RECORDED DATA
────────

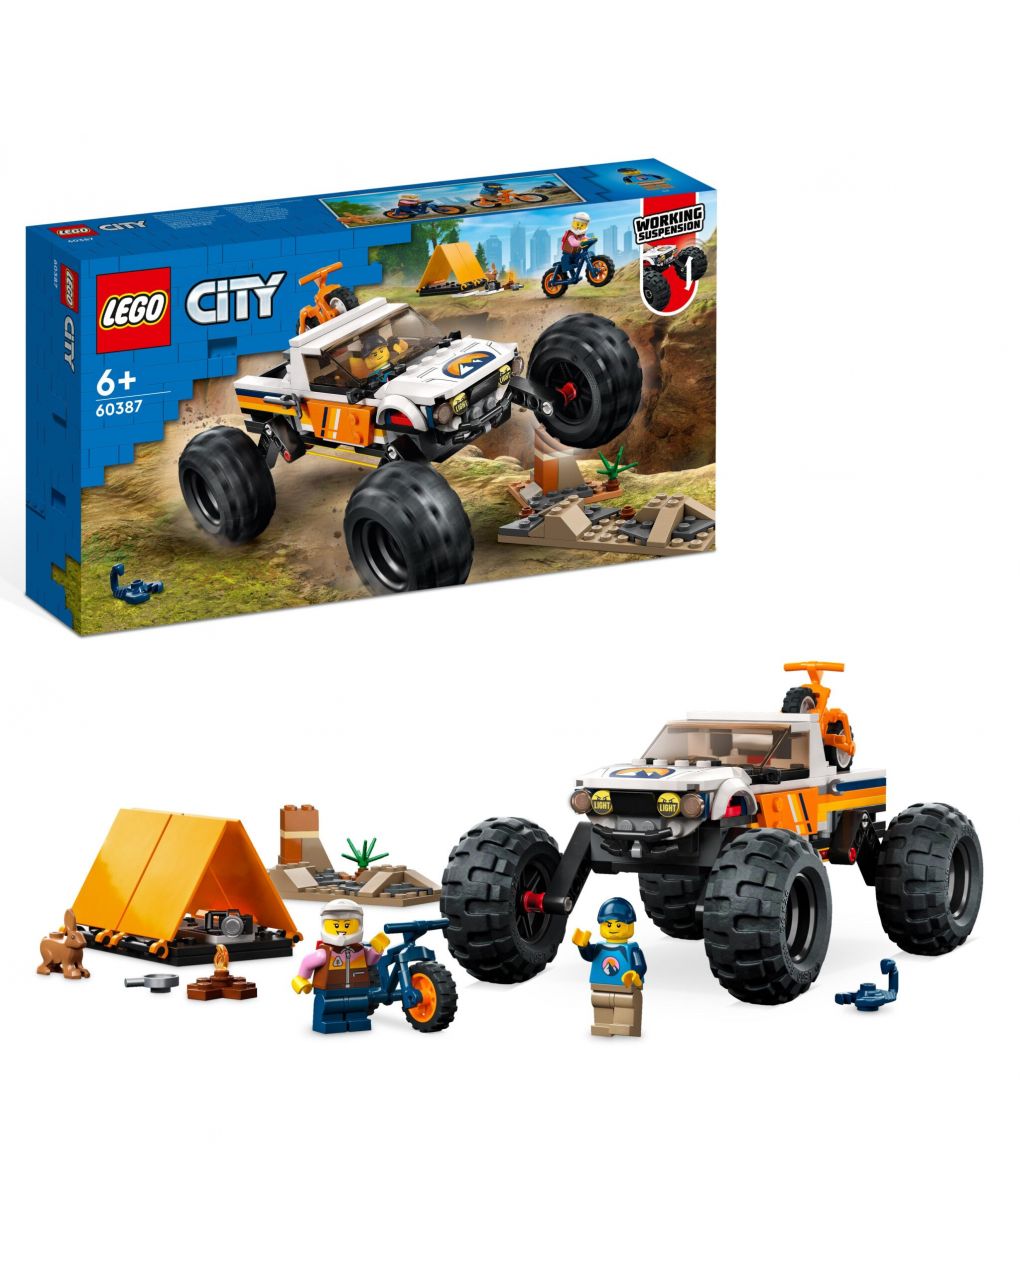 Lego city great vehicles 4x4 off-roader adventures 60387 - Lego, Lego City, Lego City Great Vehicles
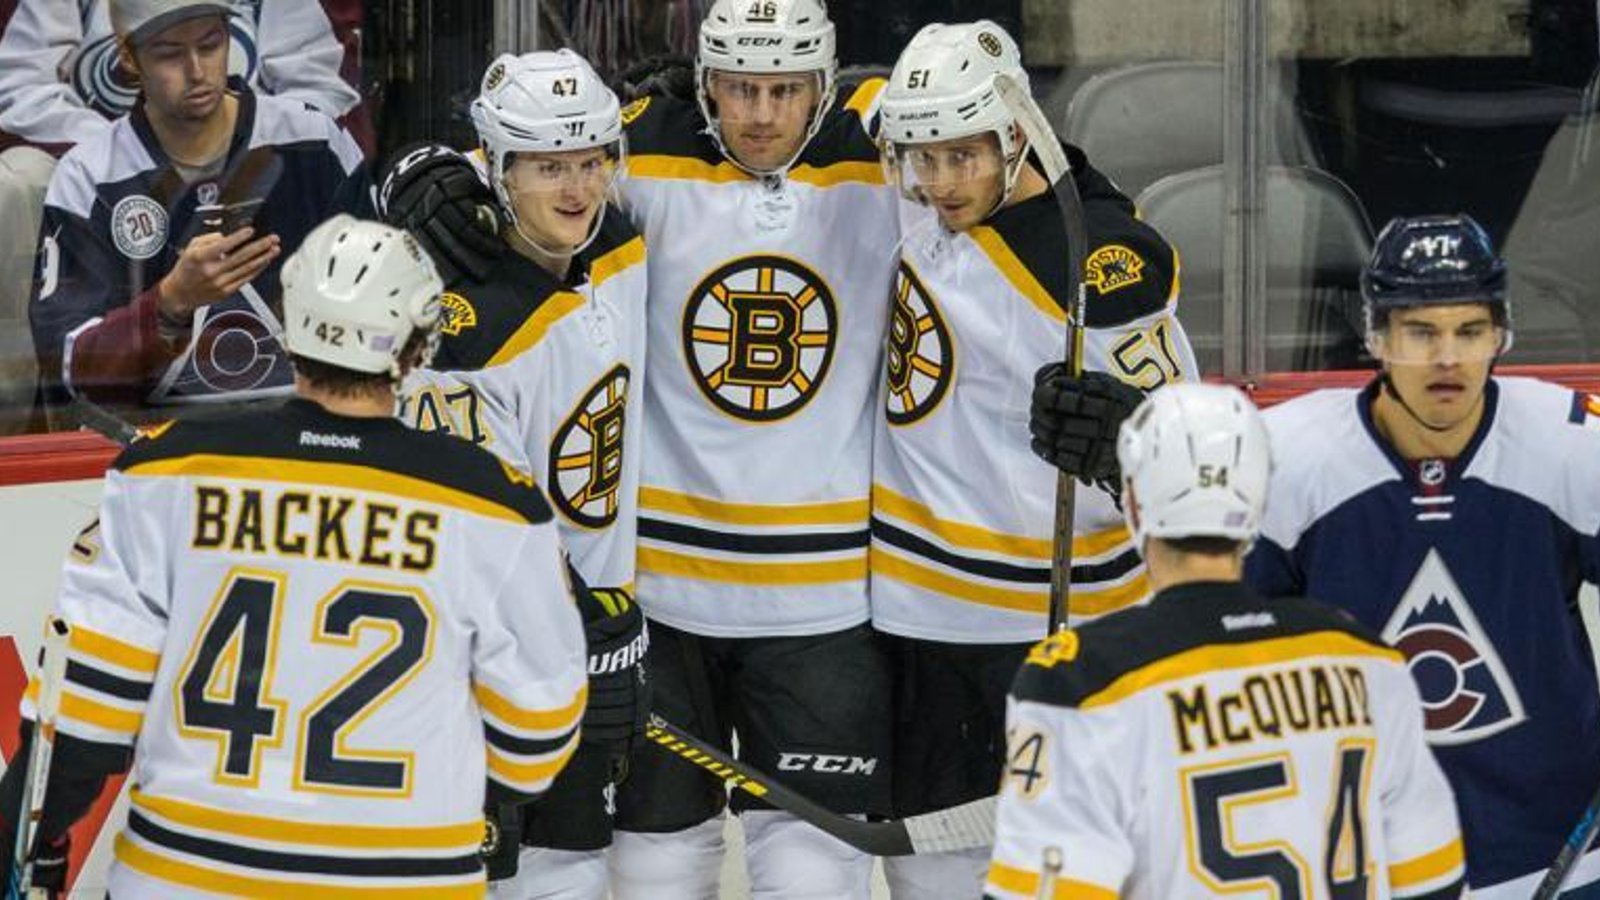 Bruins announce roster cuts
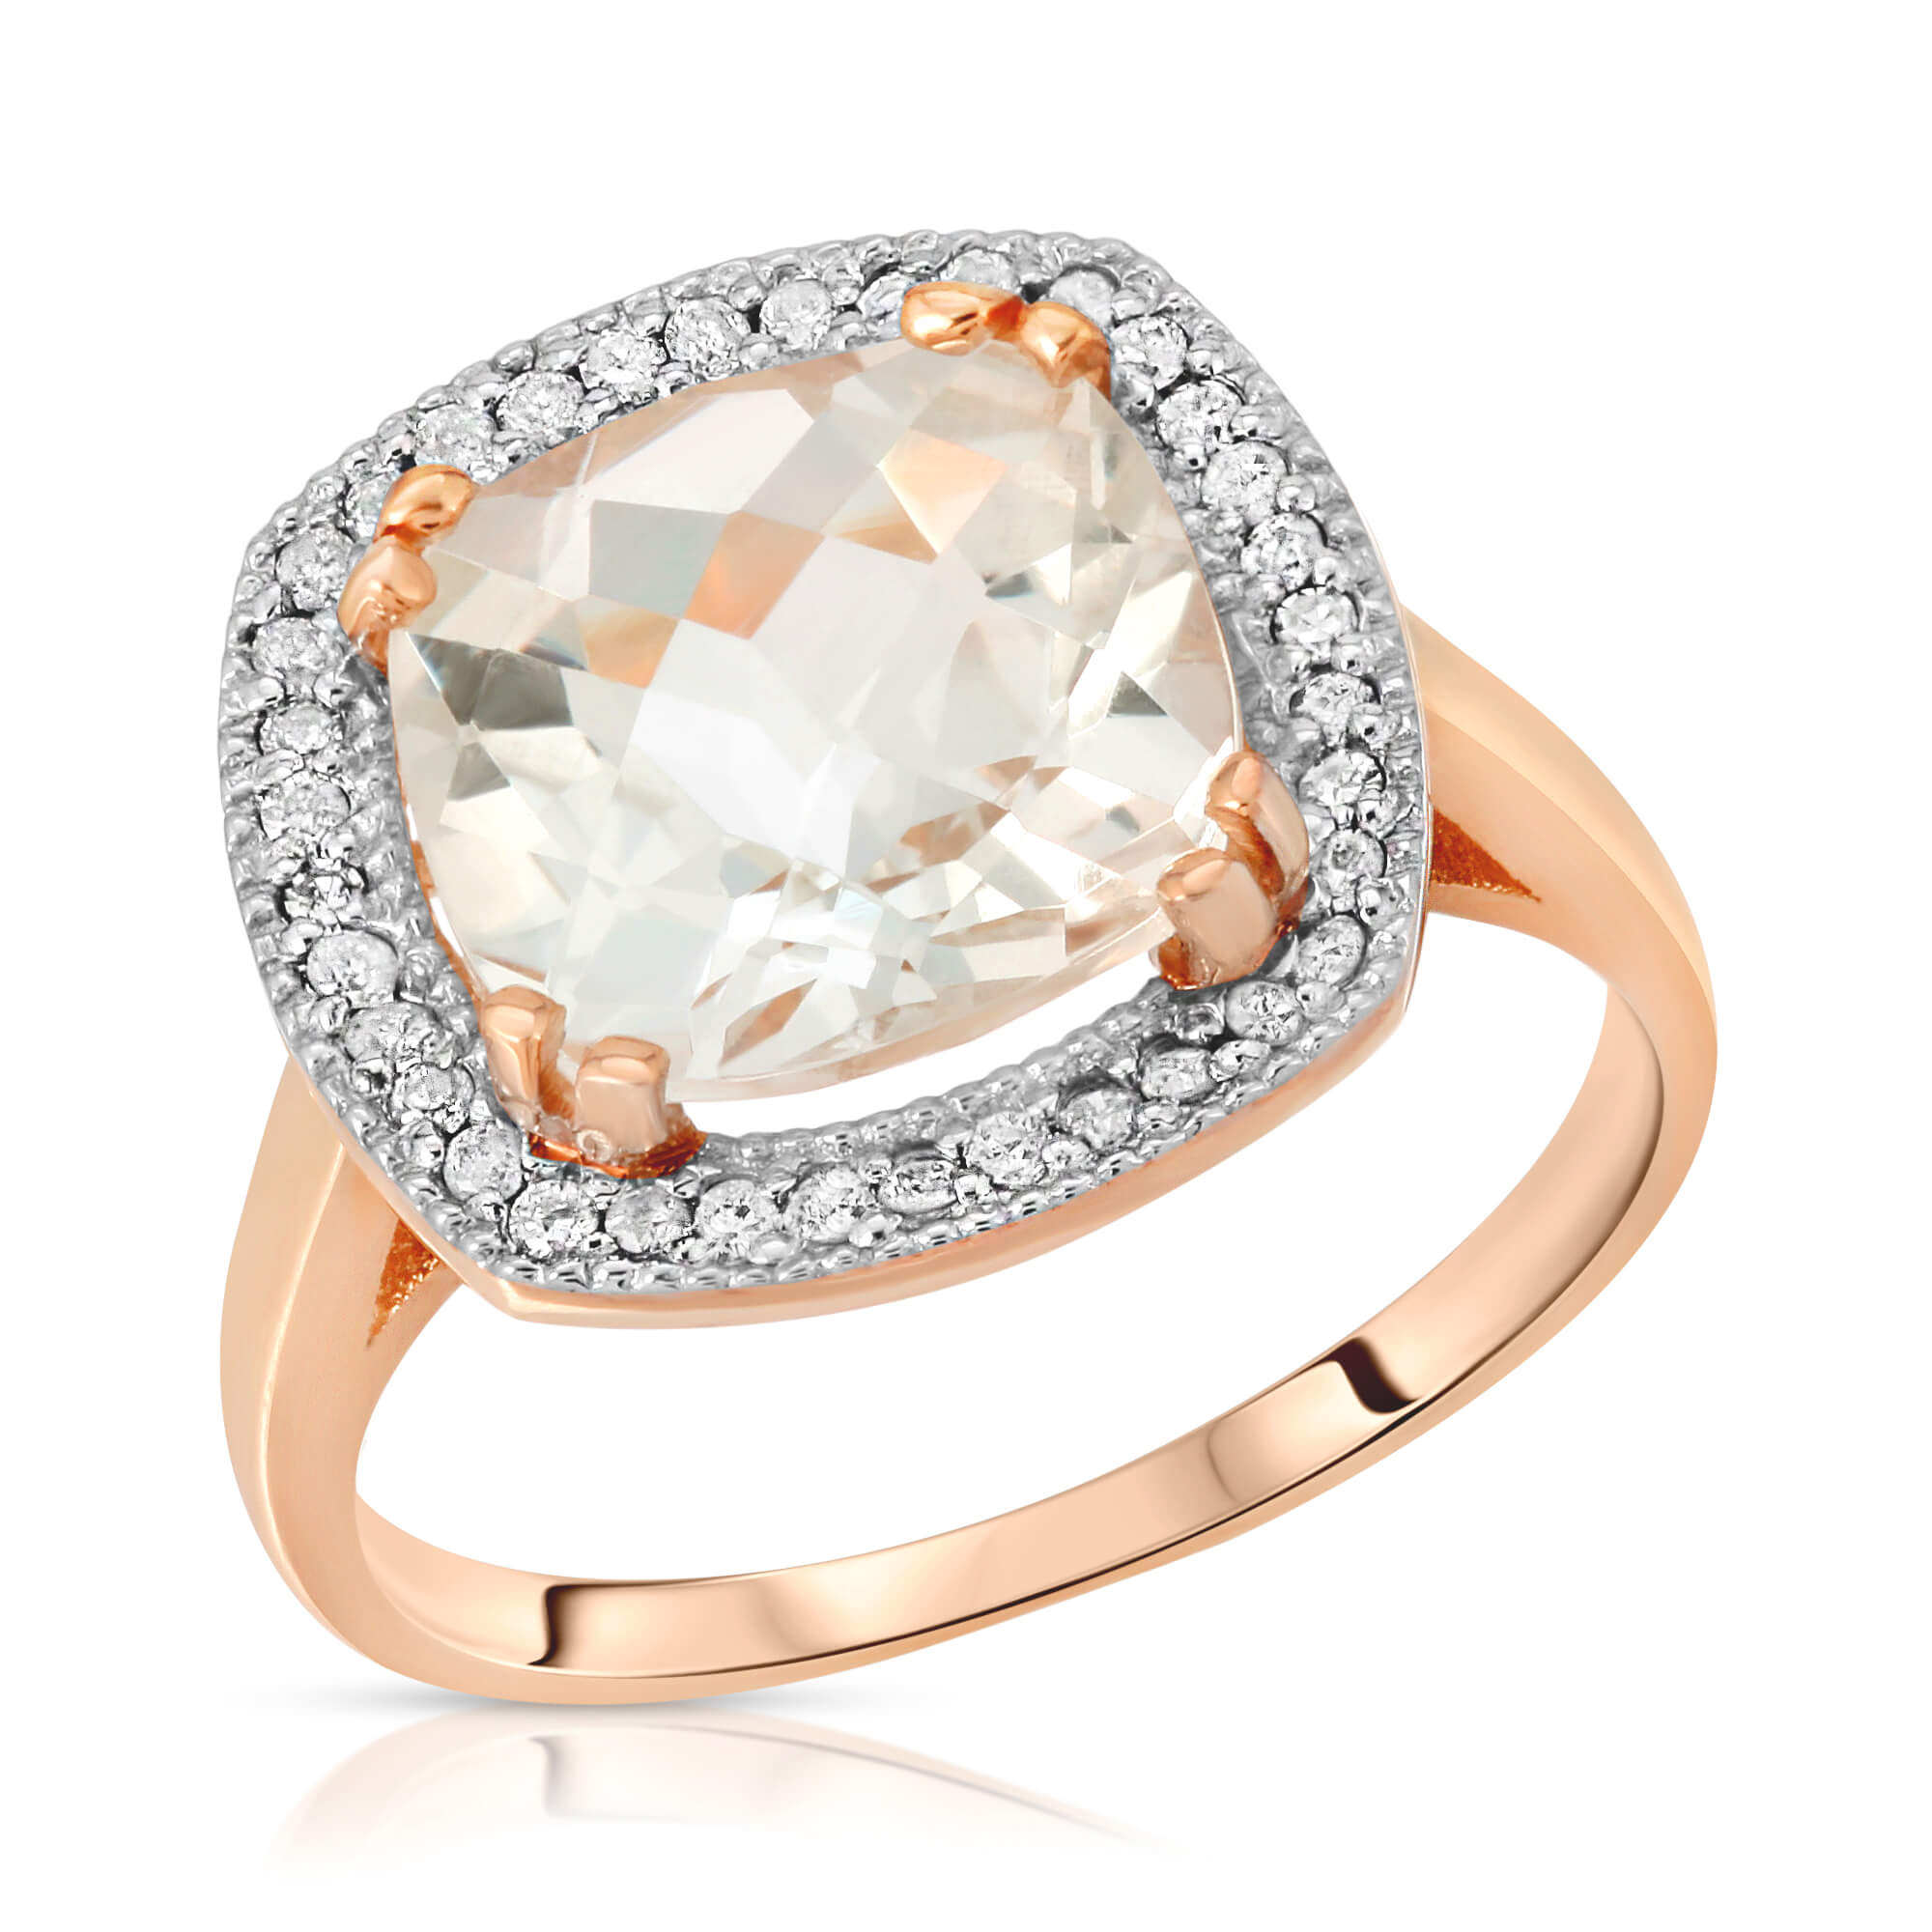 Cushion Cut White Topaz Ring 5.2 ctw in 9ct Rose Gold
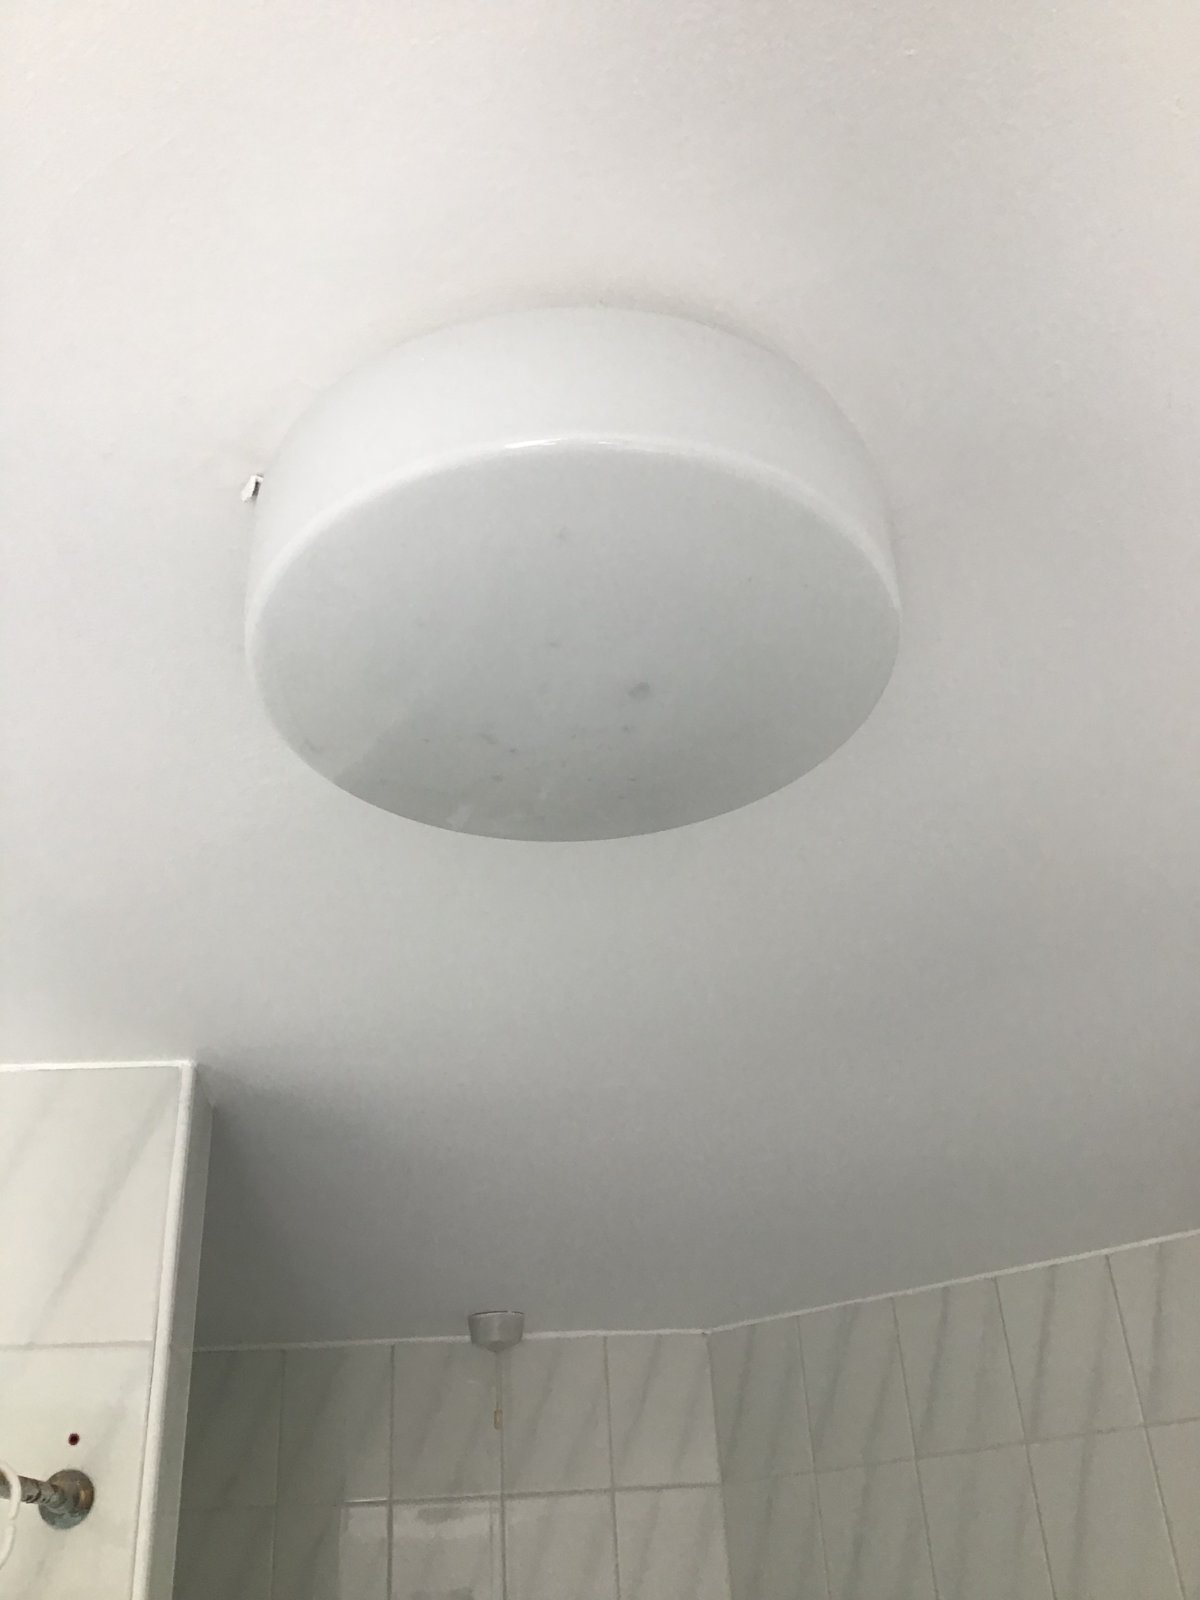 Remove Cover From Bathroom Light Diynot Forums

────────

ACTION ITEM
Copy the whole of the material above exactly, but not its images.

ANSWER TO THE PROBLEM
 Lego city great vehicles 4x4 off-roader adventures 60387 - Lego, Lego City, Lego City Great Vehicles
 Bruins announce roster cuts
 Cushion Cut White Topaz Ring 5.2 ctw in 9ct Rose Gold
 Remove Cover From Bathroom Light Diynot Forums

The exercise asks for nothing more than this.